Houston could have ranked higher on a global report of top cities in the world if it had a bit more business diversification. Photo via Getty Images

A new analysis positions the Energy Capital of the World as an economic dynamo, albeit a flawed one.

The recently released Oxford Economics Global Cities Index, which assesses the strengths and weaknesses of the world’s 1,000 largest cities, puts Houston at No. 25.

Houston ranks well for economics (No. 15) and human capital (No. 18), but ranks poorly for governance (No. 184), environment (No. 271), and quality of life (No. 298).

New York City appears at No. 1 on the index, followed by London; San Jose, California; Tokyo; and Paris. Dallas lands at No. 18 and Austin at No. 39.

In its Global Cities Index report, Oxford Economics says Houston’s status as “an international and vertically integrated hub for the oil and gas sector makes it an economic powerhouse. Most aspects of the industry — downstream, midstream, and upstream — are managed from here, including the major fuel refining and petrochemicals sectors.”

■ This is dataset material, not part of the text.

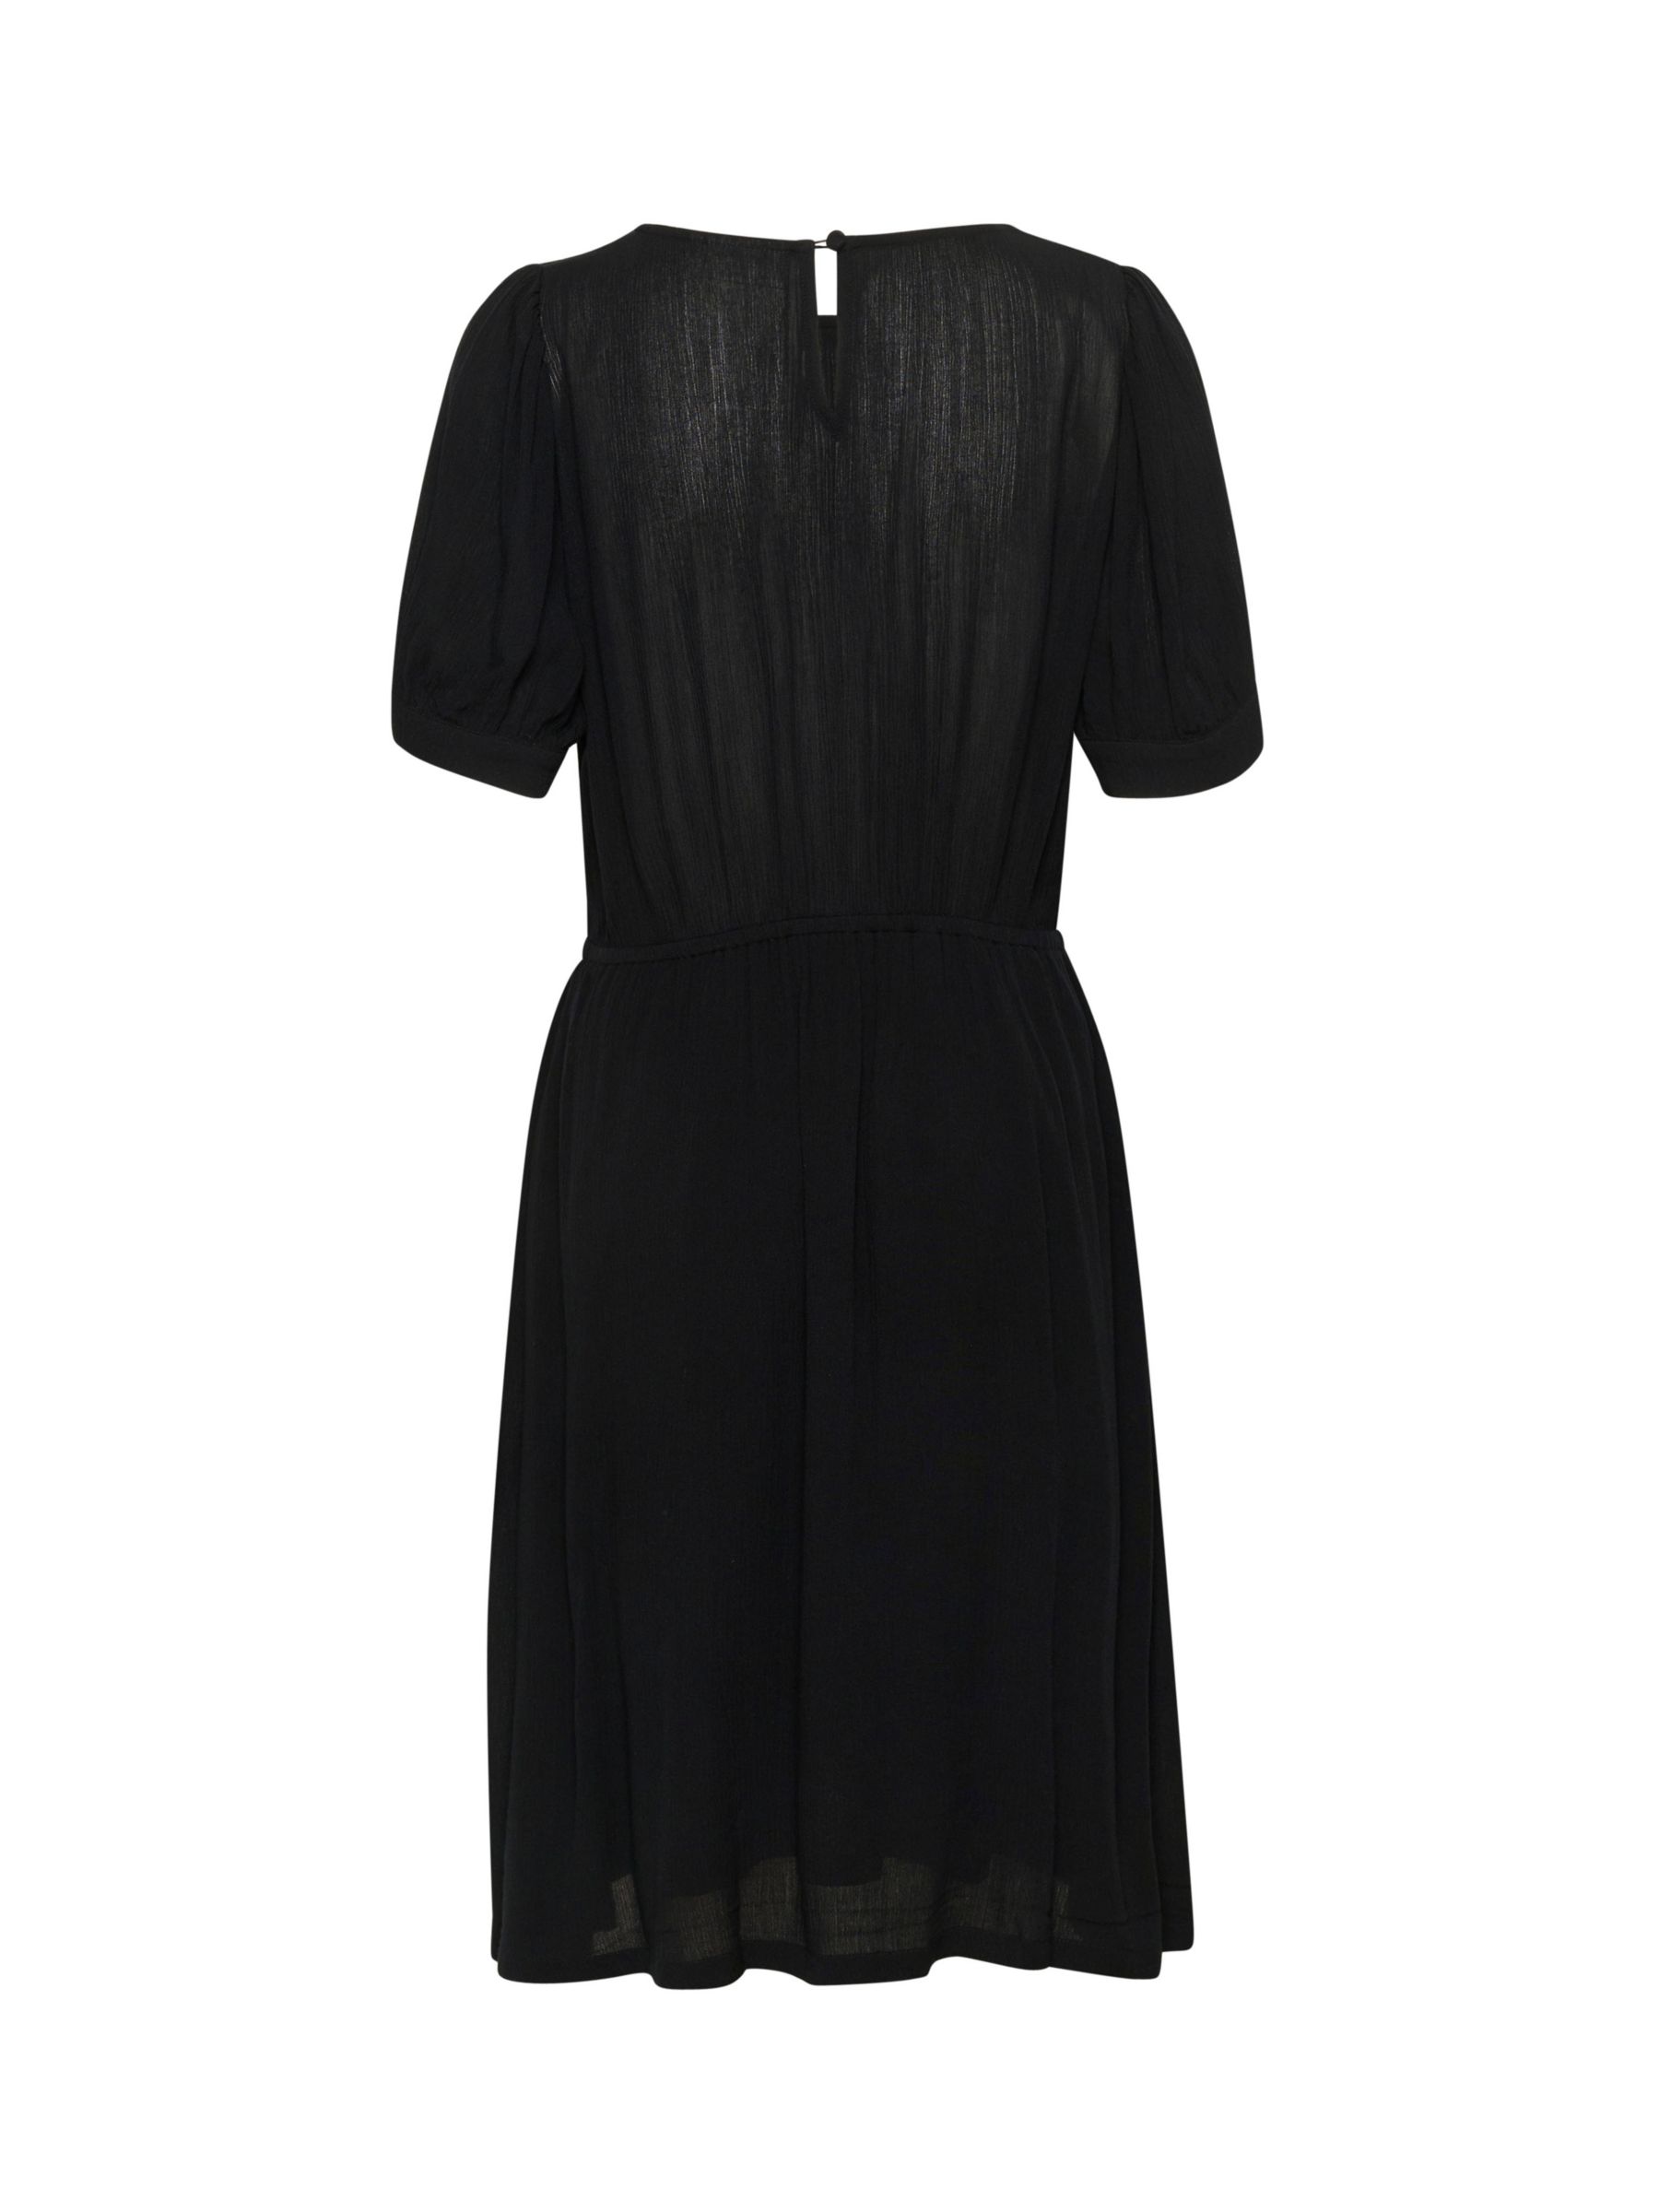 Buy KAFFE Short Sleeve V-Neck Dress Online at johnlewis.com

“And although the city has notable aerospace and logistics sectors and has diversified into other areas such as biomedical research and tech, its fortunes remain very much tied to oil and gas,” the report adds. “As such, its economic stability and growth lag other leading cities in the index.”

The report points out that Houston ranks highly in the human capital category thanks to the large number of corporate headquarters in the region. The Houston area is home to the headquarters of 26 Fortune 500 companies, including ExxonMobil, Hewlett Packard Enterprise, and Sysco.

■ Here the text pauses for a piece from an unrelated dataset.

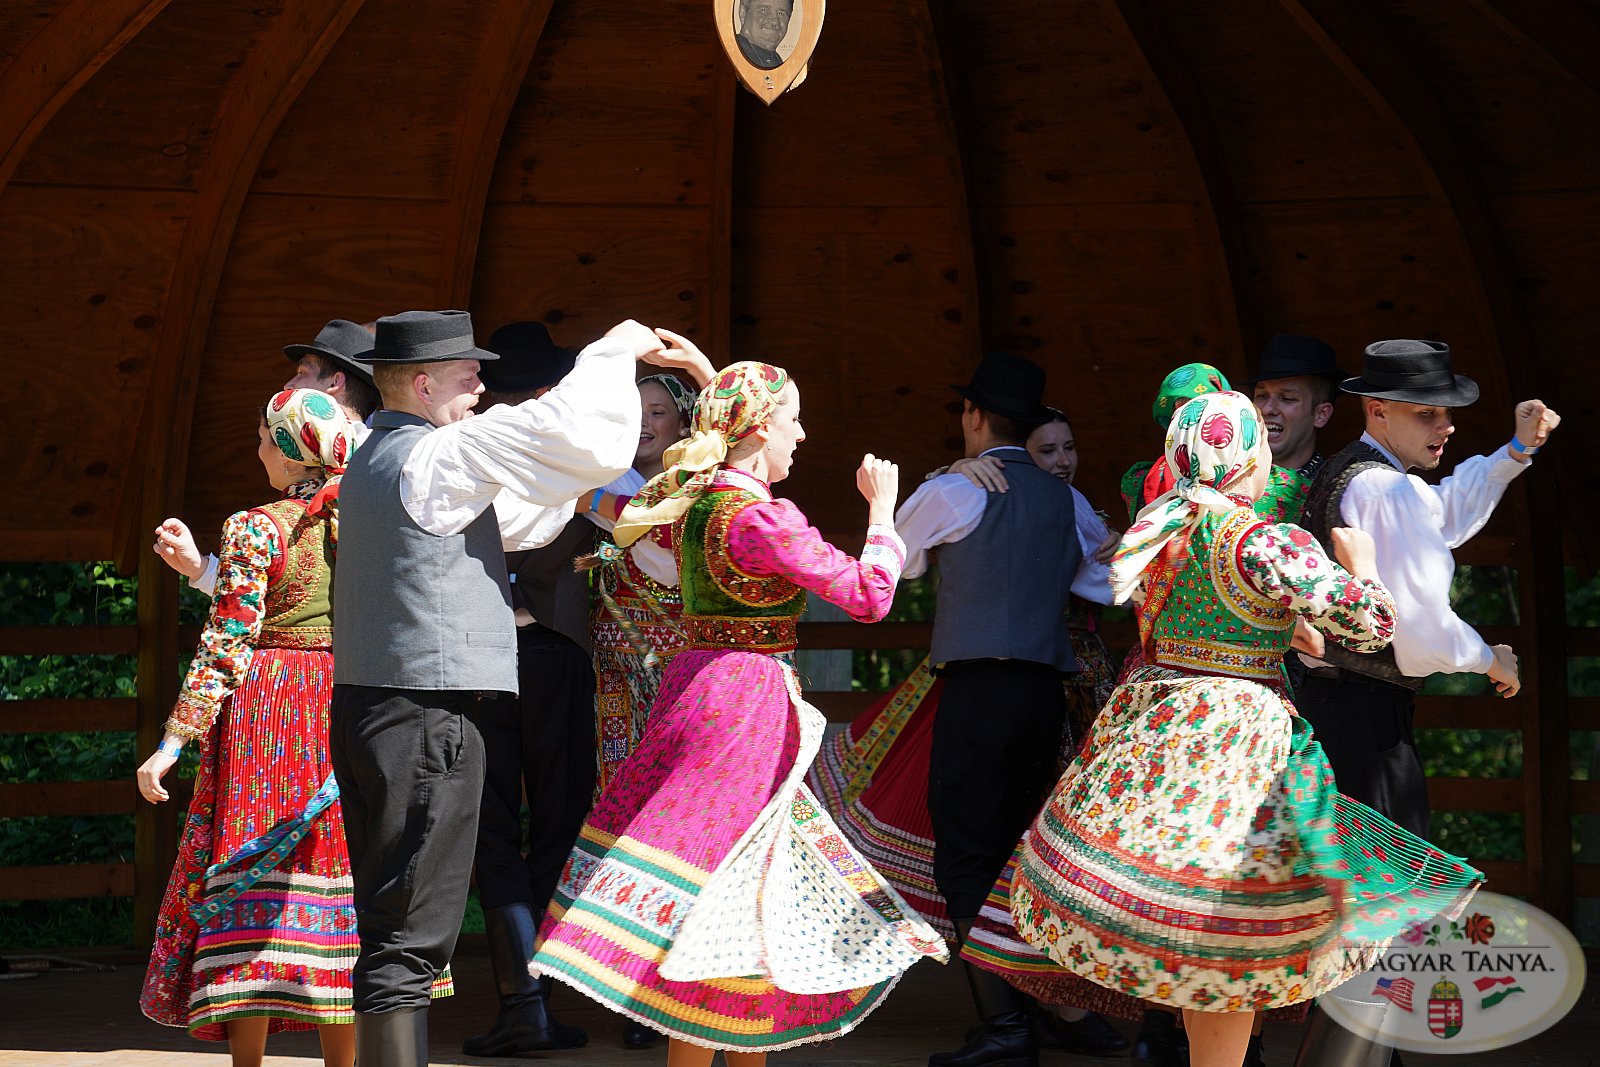 Kecskemet Folk Dance Ensemble

Another contributor to Houston’s human capital ranking, the report says, is the presence of Rice University, the University of Houston and the Texas Medical Center.

“Despite this,” says the report, “it lacks the number of world-leading universities that other cities have, and only performs moderately in terms of the educational attainment of its residents.”

Slower-than-expected population growth and an aging population weaken Houston’s human capital score, the report says.

Meanwhile, Houston’s score for quality is life is hurt by a high level of income inequality, along with a low life expectancy compared with nearly half the 1,000 cities on the list, says the report.

Also in the quality-of-life bucket, the report underscores the region’s variety of arts, cultural, and recreational activities. But that’s offset by urban sprawl, traffic congestion, an underdeveloped public transportation system, decreased air quality, and high carbon emissions.

Furthermore, the report downgrades Houston’s environmental stature due to the risks of hurricanes and flooding.

“Undoubtedly, Houston is a leading business [center] that plays a key role in supporting the U.S. economy,” says the report, “but given its shortcomings in other categories, it will need to follow the path of some of its more well-rounded peers in order to move up in the rankings.”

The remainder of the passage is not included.